A group of physicists breaks a record by keeping an artificial bubble intact for more than a year

A group of physicists led by Aymeric Roux, from the University of Lille (France), has broken a record by keeping an artificial bubble intact for 465 days, as explained in an article published this Tuesday in the journal Physical Review Fluids.

The text indicates that, in general, three things contribute to a bubble's short lifespan in an atmospheric environment: gravity, which can drain material from the bubble membrane; evaporation, which can decrease the amount of liquid present; and the presence of tiny nuclei in the air, which can destabilize it.

To try to extend the lifespan of the bubbles, the scientists experimented with 'gas marbles' containing nylon particles—some water-based and some glycerol and water-based—to see if they could make them stay intact for a long time. time frame.

The former only survived between 6 and 60 minutes, while the latter lasted between 101 and 465 days thanks to the presence of glycerol, a material that absorbs moisture from the surrounding environment or from the atmosphere and replenishes it. Also, the nylon prevents the membrane from draining by gravity.
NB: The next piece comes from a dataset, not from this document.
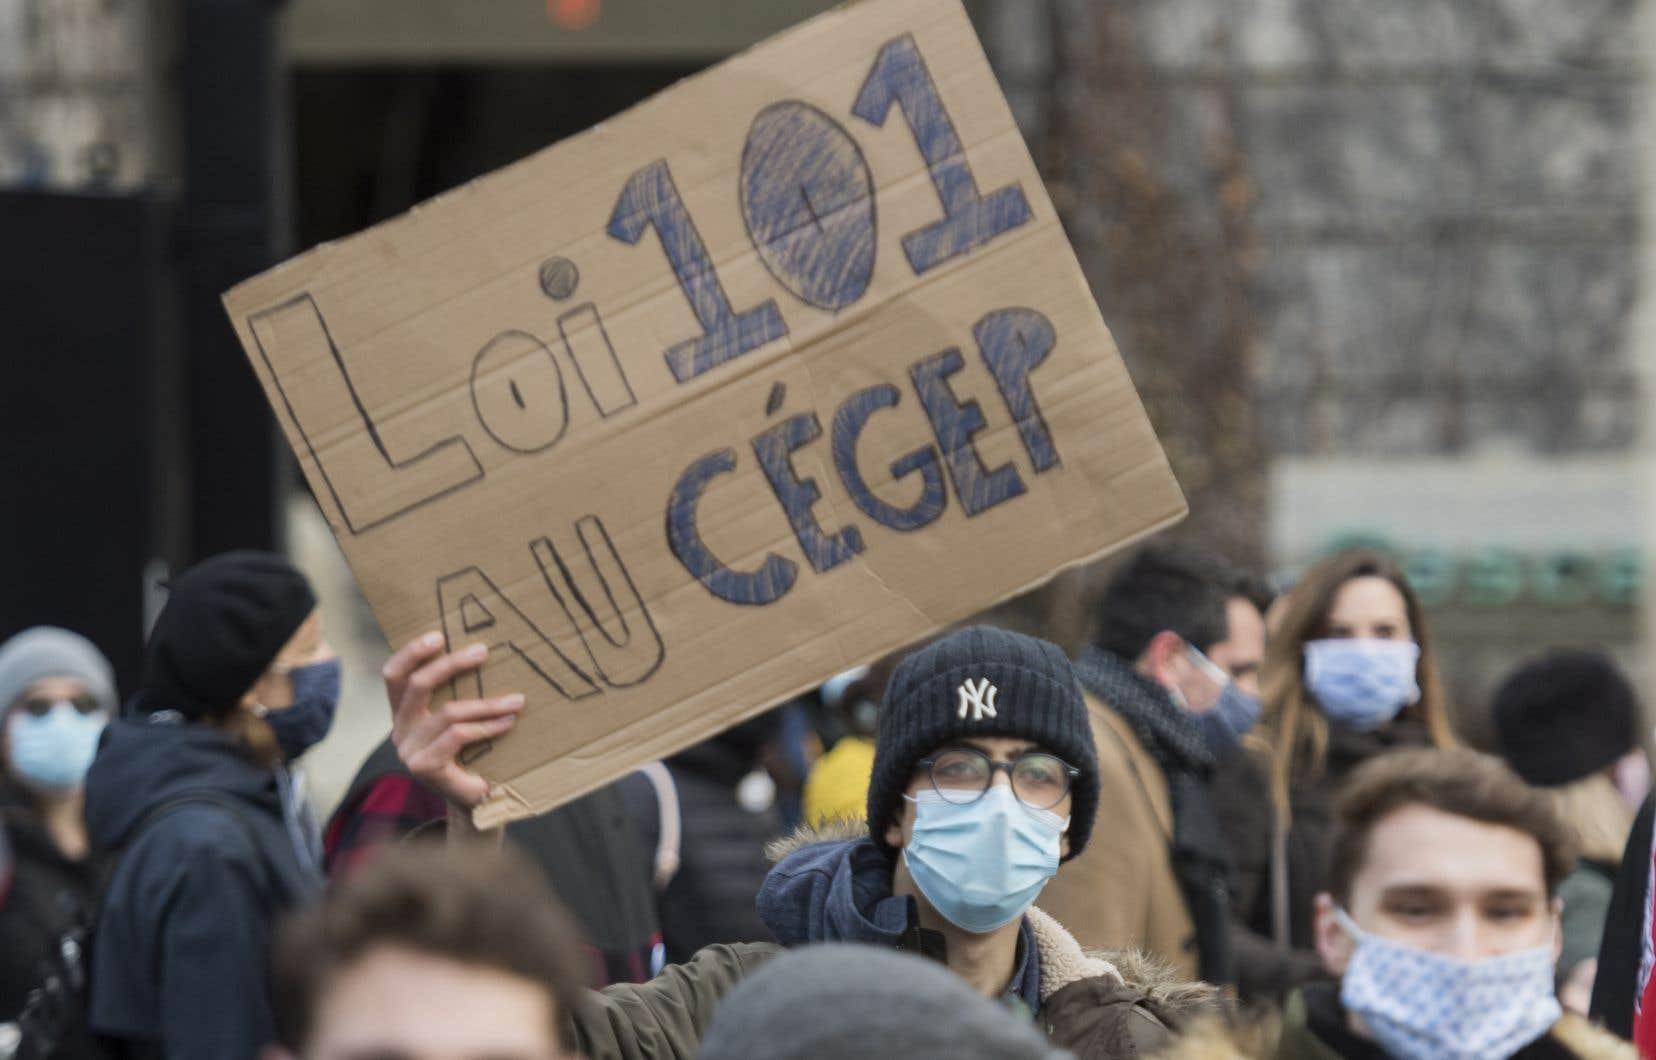 Des manifestants se sont rassemblés devant l'hôtel de ville de Montréal, le 28 novembre dernier, pour réclamer des actions concrètes pour freiner le recul du français au Québec.

"We have shown that air bubbles that maintain their integrity for more than a year can be produced in a simple way by replacing the surfactants with partially wet particles and the water with a mixture of water and glycerol," says the study.
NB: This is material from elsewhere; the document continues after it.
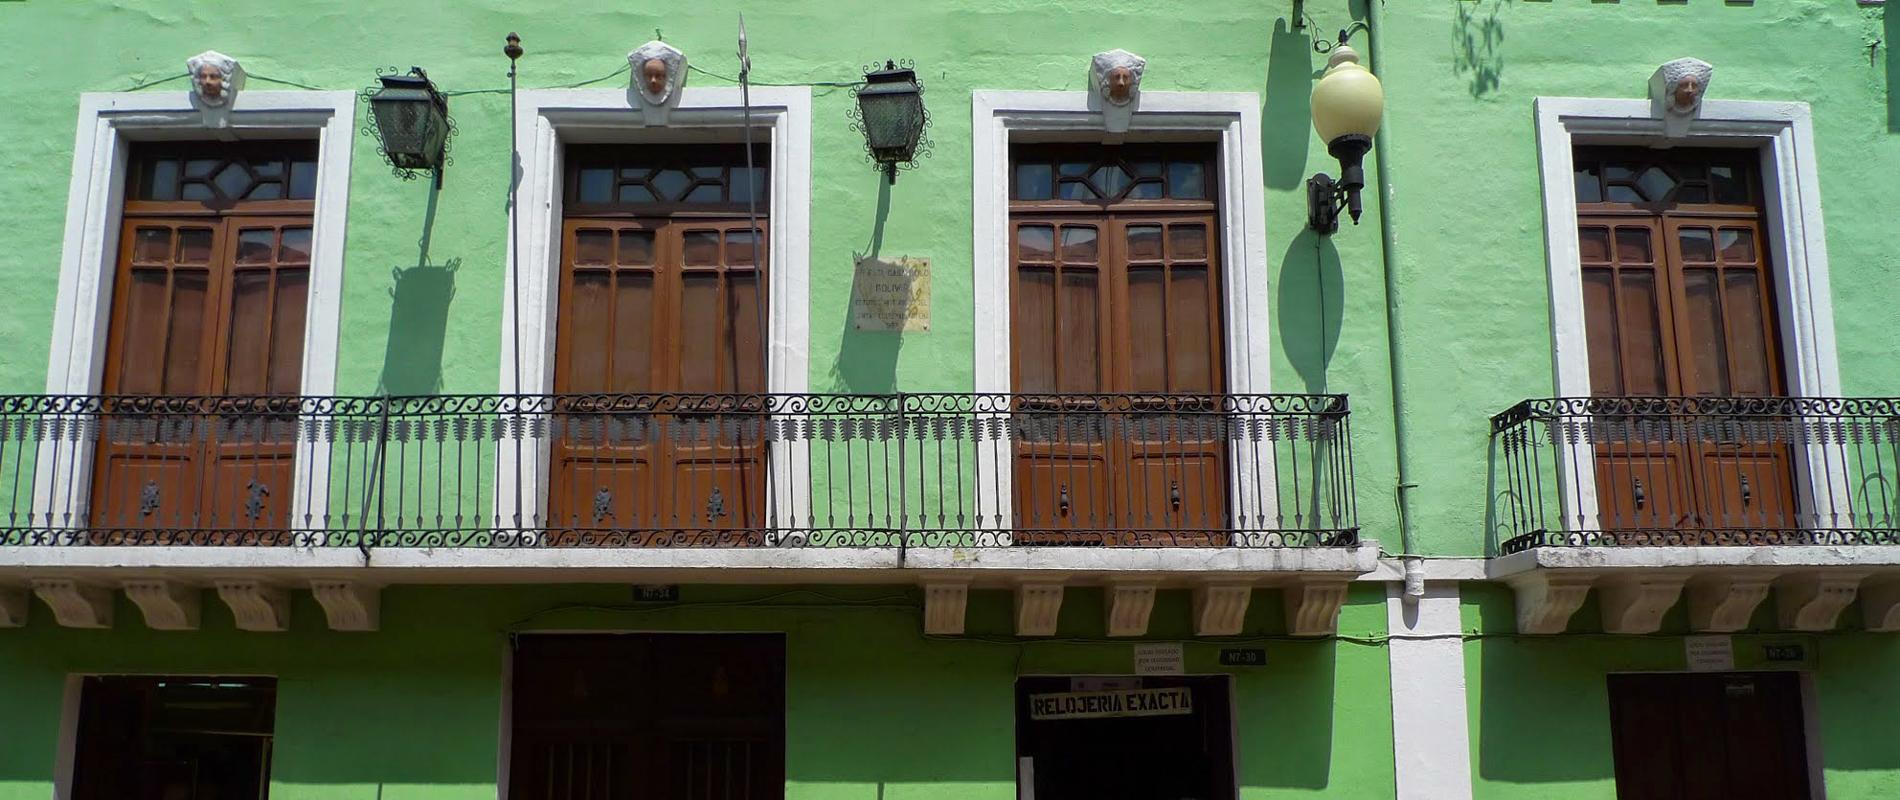 Équateur | Maisons coloniales de Quito

The team of physicists also built a detailed model of the material's properties and used it to create other structures, such as a pyramid stretched on a metal frame, by dipping it into the material and slowly pulling it out. One of them has already lasted more than 370 days.

These achievements could help the scientific community develop an entirely new class of objects from this mixture of materials, which would have physical and chemical properties that have yet to be investigated.